FIG. 8 shows another flowchart of an example method for use with the method 400, according to an example implementation. Within examples, the additional data of the surrounding environment indicates a spatial layout between the at least one item represented by the additional data of the surrounding environment and the object, and at block 420, functions include generating the knowledge graph to include information indicating the spatial layout between the at least one item represented by the additional data of the surrounding environment and the object. The spatial layout can include or indicate distances between the object and other objects in the environment, for example, a spacing between the chair and the table. Such information may be useful for a robotic device, in instances in which the robotic device is capable of rearranging items in the dining room, so as to reposition the chairs according to the data in the knowledge graph indicating the spatial layout, for example. The spatial layout provides a physical relationship between objects to enable the computing device 108 and/or the robotic device 200 to perform improved artificial intelligence functions due to a better understanding of common layouts of items. The spatial layout can also indicate a canonical layout of items in the home for determination of valid placements of objects, for example.

FIG. 9 shows another flowchart of an example method for use with the method 400, according to an example implementation. At block 422, functions include receiving outputs of the one or more sensors of the computing device, and at block 424, functions include accessing the knowledge graph to determine an identification of one or more objects represented by one or more of the outputs of the one or more sensors of the computing device. In this example scenario, the computing device 108 collects data and references the knowledge graph to perform an object recognition, for example, rather than using a cloud object recognizer. Over time, as the knowledge graph is further enhanced with the additional data, the knowledge graph can be used and referenced for object recognition, activity recognition, etc.

FIG. 10 shows another flowchart of an example method for use with the method 400, according to an example implementation. At block 426, functions include determining a person associated with the object, and at block 428, functions include generating the knowledge graph to include information indicating the person associated with the object to label the object as belonging to the person. For example, the computing device 108 may generate a prompt requesting information of a room, for example, to determine if the room is a bedroom, and if so, what person is associated with this bedroom. In other instances, the computing device 108 may generate a prompt to request information of shoes to determine who owns the shoes. This personal information can also be included into the knowledge graph 500, so as to provide yet further details of objects.

FIG. 11 shows another flowchart of an example method for use with the method 400, according to an example implementation. At block 430, functions include receiving, from another server, information indicating an activity related to a scene in the 2D image of the object, and at block 432, functions include generating the knowledge graph to include the information indicating the activity associated with the identification of the object. Activity can be determined by reference to a cloud activity recognition server. For example, the computing device 108 may send the 2D image to the cloud activity recognition server, which performs functions to determine an activity occurring in a scene of the image, and returns information indicating the identified activity to the computing device 108. Such information can be added to the knowledge graph 500, as shown in FIG. 5.
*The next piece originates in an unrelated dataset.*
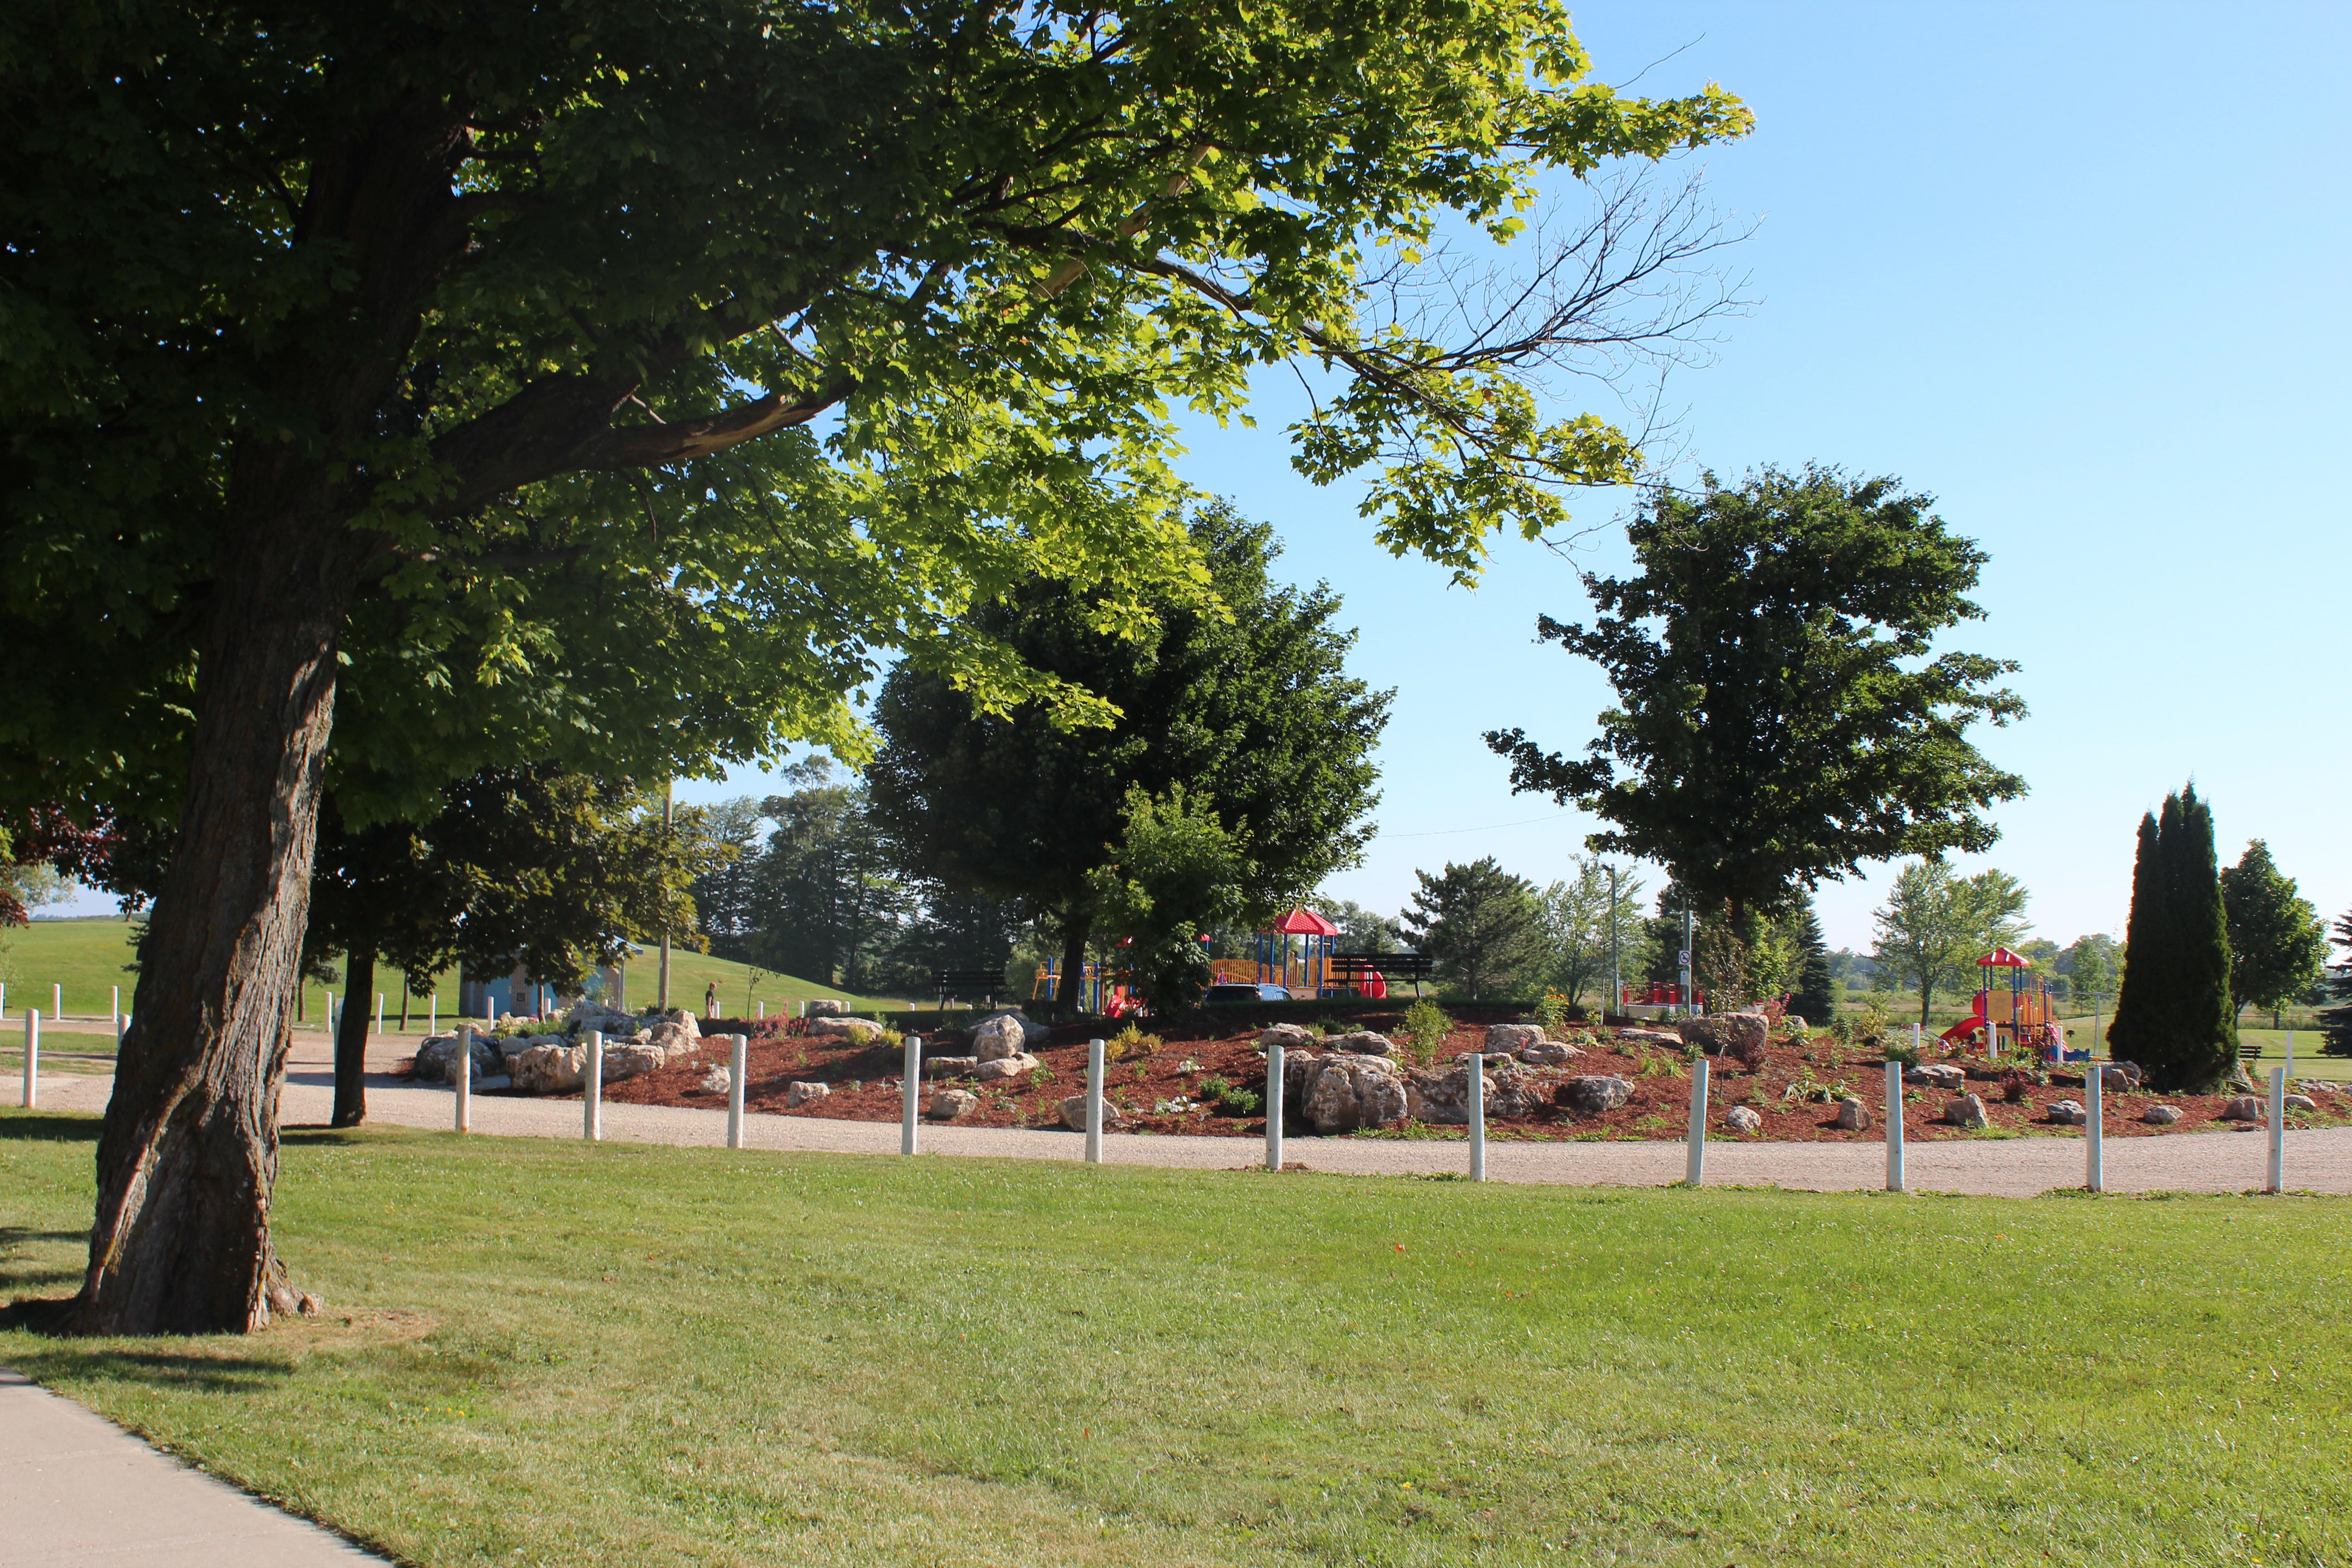 Image 21 - Greenwood Park.JPG

FIG. 12 shows another flowchart of an example method for use with the method 400, according to an example implementation. At block 434, functions include determining whether the object is stationary or movable, and at block 436, functions include generating the knowledge graph to include information indicating whether the object is stationary or movable. As an example, images of the object can be analyzed, using a cloud server, to determine if the object moves or not. Additionally or alternatively, once an identification of the object is determined, web searches can be performed to query whether such an object has a capability to autonomously move. Still further, the computing device 108 and/or the robotic device 200 may simply generate a prompt (e.g., audio or visual display) to query the user as to whether the identified object has a capability to autonomously move. Resulting information can be associated with the object in the knowledge graph (e.g., a plate is a static item).

FIG. 13-19 are conceptual illustrations of additional data obtained of objects and of a surrounding environment of the objects, according to example implementations. FIG. 13 is a conceptual illustration of an example two-dimensional (2D) image of an object 500, for example, a couch. Following, additional data of the couch and the environment of the couch can be obtained.
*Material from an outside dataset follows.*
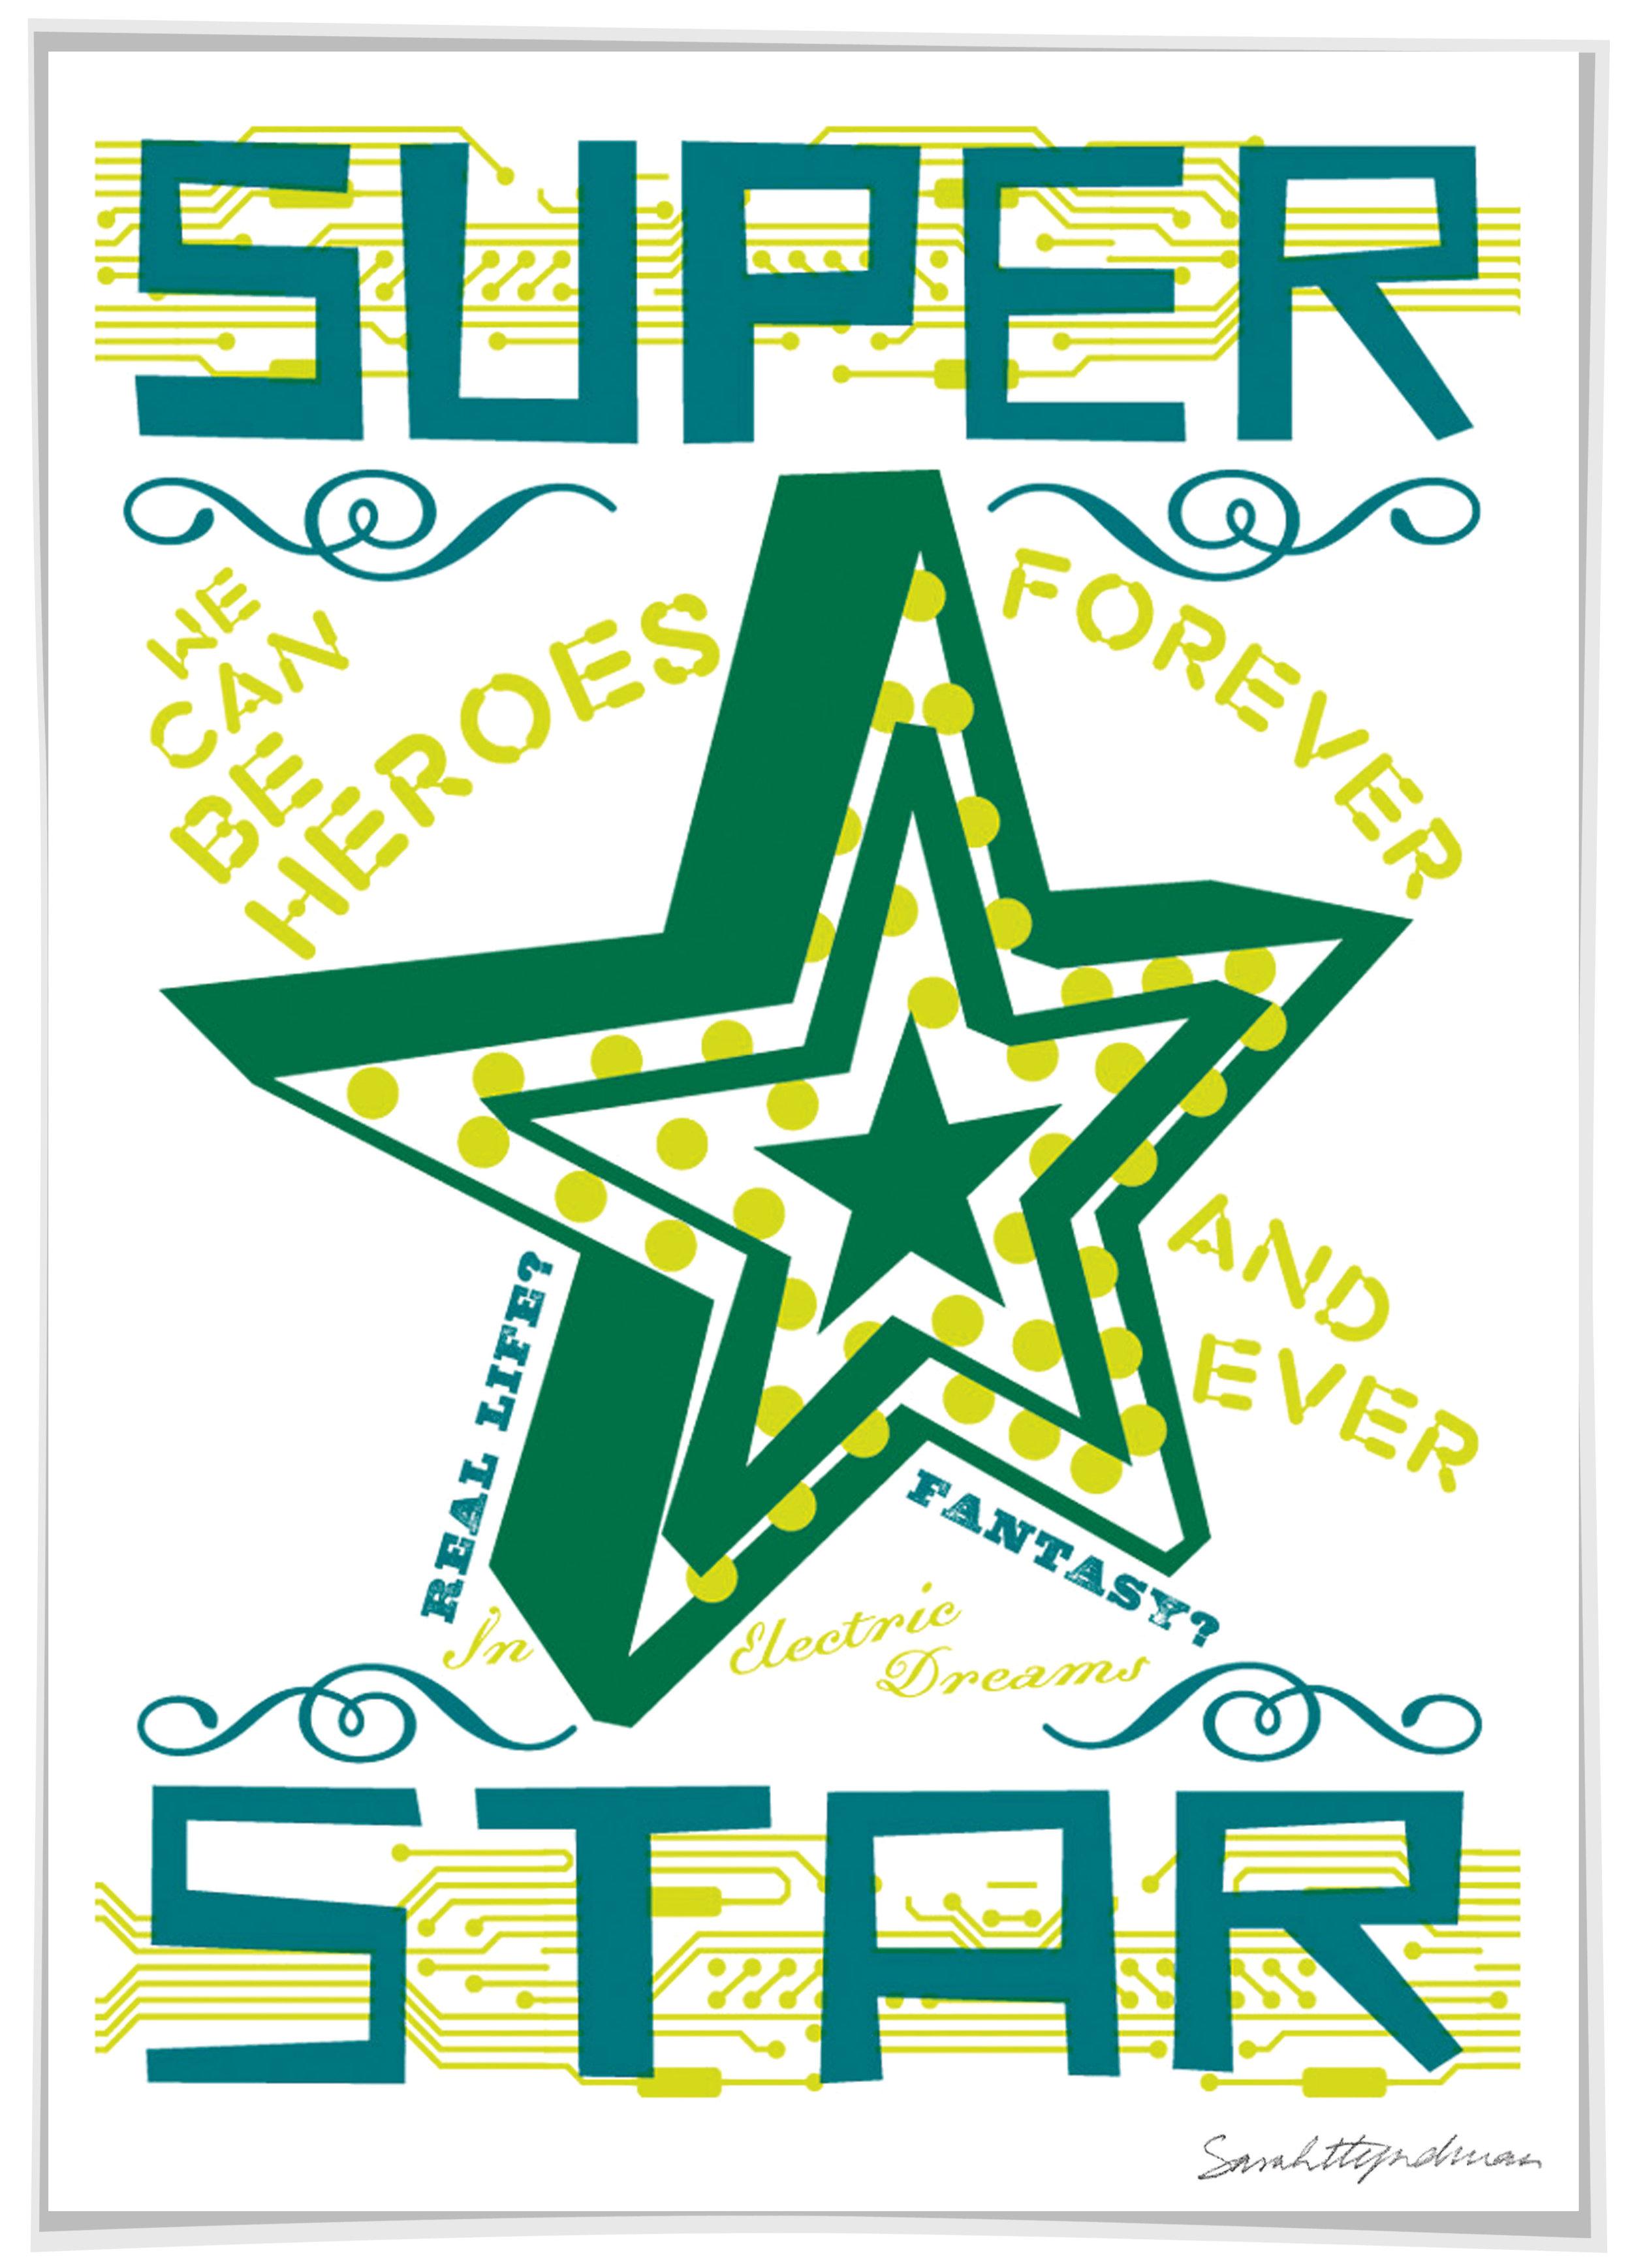 Super Star screen print by Sarah Hyndman

FIG. 14 is a conceptual illustration of example additional data of the object 500, according to an example implementation. In FIG. 14, a different perspective or pose of the object 500 is captured by the camera of the computing device 108 or the robotic device 200. The perspective is shown to be from an angle to provide a different viewpoint, for example.

FIG. 15 is a conceptual illustration of another example additional data of the object 500, according to an example implementation. In FIG. 15, another different perspective or pose of the object 500 is captured by the camera of the computing device 108 or the robotic device 200. The perspective is shown to be from a backside to provide a different viewpoint, for example.

FIG. 16 is a conceptual illustration of another example additional data of the object 500, according to an example implementation. In FIG. 16, an image of the object 500 is captured from a farther distance away to provide yet another perspective viewpoint.

FIG. 17 is a conceptual illustration of another example additional data of the object 500, according to an example implementation. In FIG. 17, an image of the object 500 is captured from a closer distance to provide yet another perspective viewpoint.

FIG. 18 is a conceptual illustration of another example additional data of the object 500, according to an example implementation. In FIG. 18, an image of the object 500 is captured with different lighting in place. For example, in FIG. 18, a lamp 502 is on and shines lights onto and adjacent to the object 500.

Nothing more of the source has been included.